Francesco De Seta

Politico, Sindaco di Catanzaro (Belvedere Marittimo [CS] 1843 – Palermo 1911) Dedicò tutta la propria esistenza all’attività politica ed alla pubblica amministrazione. Dopo aver ricoperto, ancora giovane, la carica di Sindaco di Cutro, a soli trentaquattro anni sedette sulla poltrona di primo cittadino di Catanzaro, capitale della Calabria Ultra II, mantenendo l’incarico fino al 1882. Sì candidò per due volte consecutive alla Camera nel Collegio di Catanzaro e venne eletto deputato nella XV (1882-1886) e XVI (1886-1890) legislatura del Regno d’Italia. Cessata l’attività parlamentare, iniziò quella governativa che lo portò a ricoprire la carica di prefetto in numerose città italiane. Il re lo tenne in grande considerazione e, nel 1895, gli conferì il titolo di marchese, cui fece seguito, nel 1901, la nomina a senatore del Regno. Gli anni in cui De Seta fu sindaco di Catanzaro sono ricordati, nella storia cittadina, come un periodo di radicale trasformazione urbanistica e di accrescimento della qualità della vita dei suoi abitanti. Fu approvato e data attuazione ad un drastico piano edilizio che operava all’interno dell’abitato attraverso un’operazione di decoro e razionalizzazione dell’esistente.
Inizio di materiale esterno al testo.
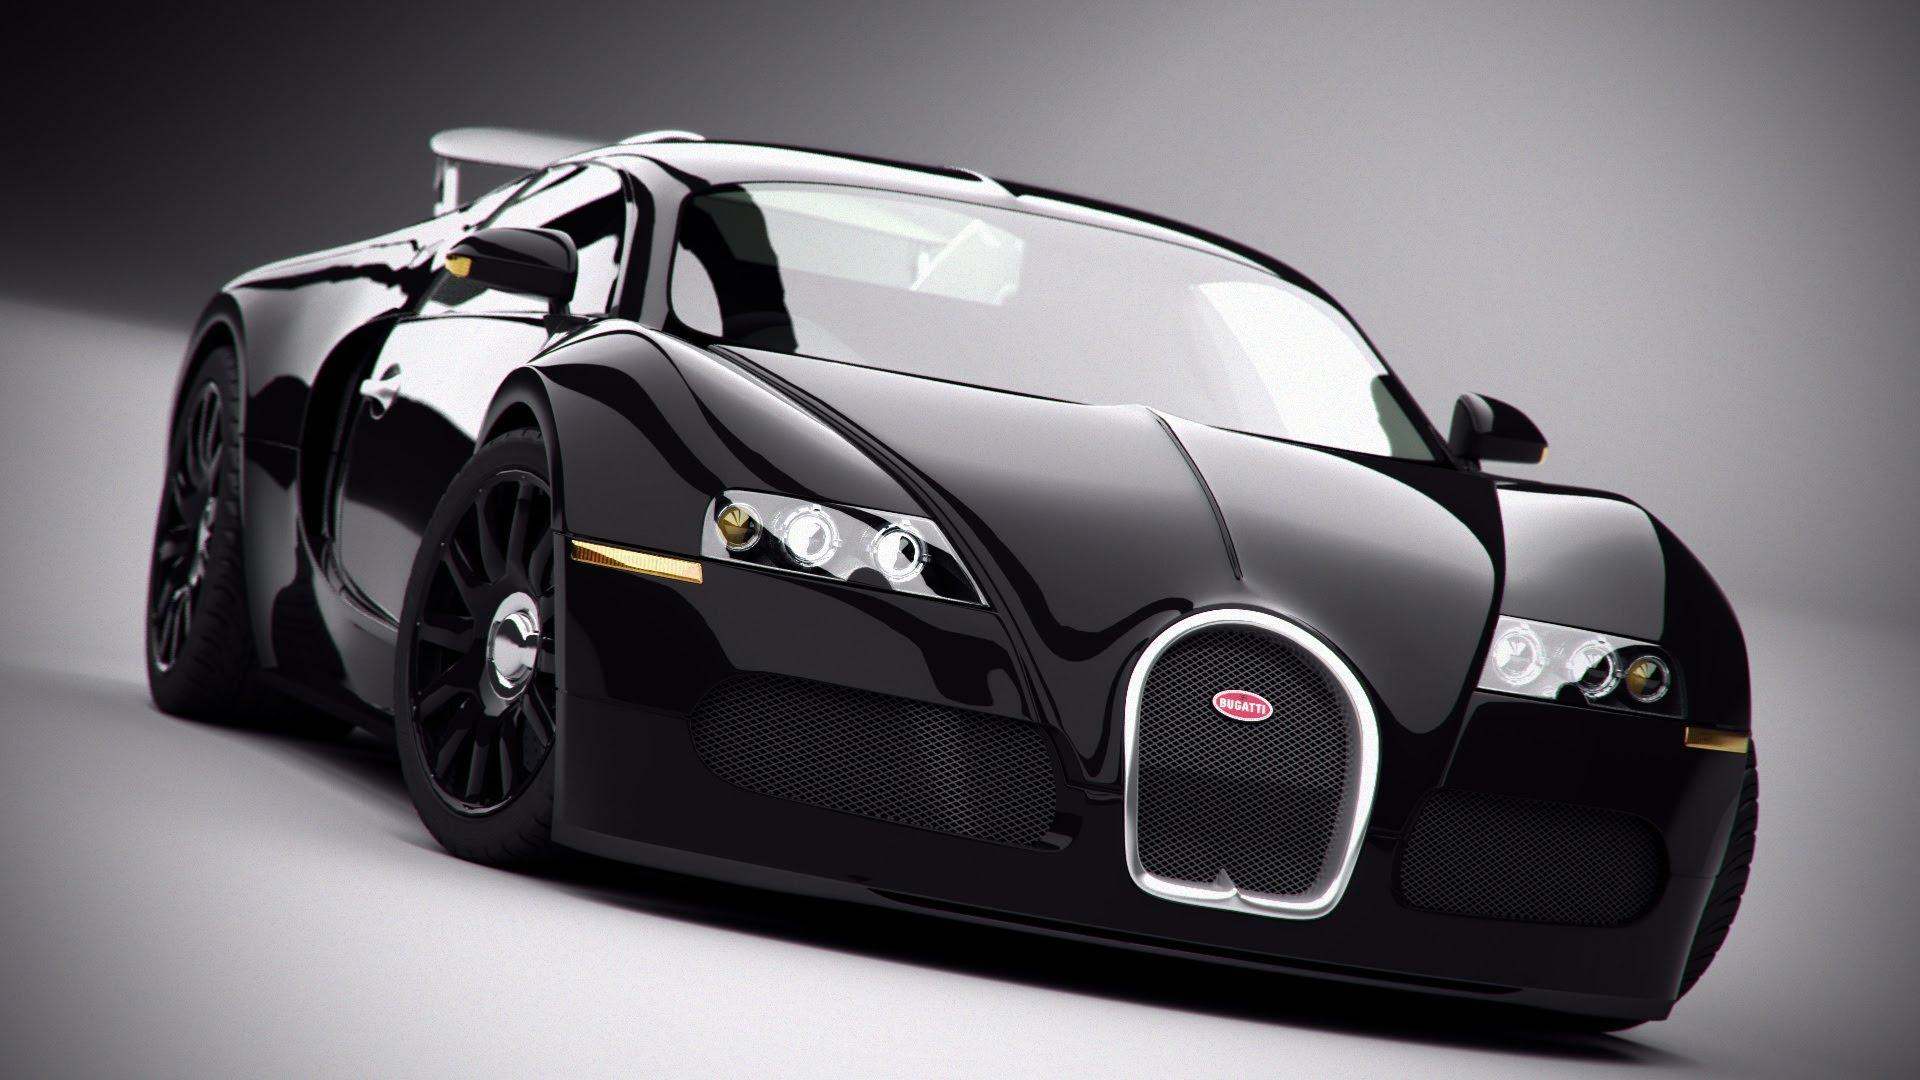 بالصور اجمل سيارة في العالم , سيارات فخمة وجميلة جدا 3389 2

La città aveva bisogno di adeguare il tessuto urbano alle nuove esigenze di mobilità conseguenti al ruolo di valenza regionale che era chiamata a svolgere nell’amministrazione della giustizia con la Corte di Appello delle Calabrie, nell’istruzione con le Scuole Universitarie, nella sicurezza nazionale con le sedi dei Comandi regionali della forza militare, ed in tante altre istituzioni di carattere regionale. Iniziarono, così, le demolizioni parziali o totali di edifici, la rettifica dei percorsi, il livellamento e la lastricatura di numerose sedi stradali, che modificarono l’assetto spazio-volumetrico ed i contenuti stilistici delle principali arterie e delle costruzioni che ne facevano da cornice. Nel contempo furono realizzati gli impianti a gas per la pubblica e privata illuminazione e per il riscaldamento, e venne creato questo scenografico giardino pubblico, dapprima denominato “il Paradiso” e successivamente “Villa Margherita”, in onore della prima regina d’Italia che il, 21 gennaio del 1881, assieme al consorte Umberto I, presenziò alla inaugurazione.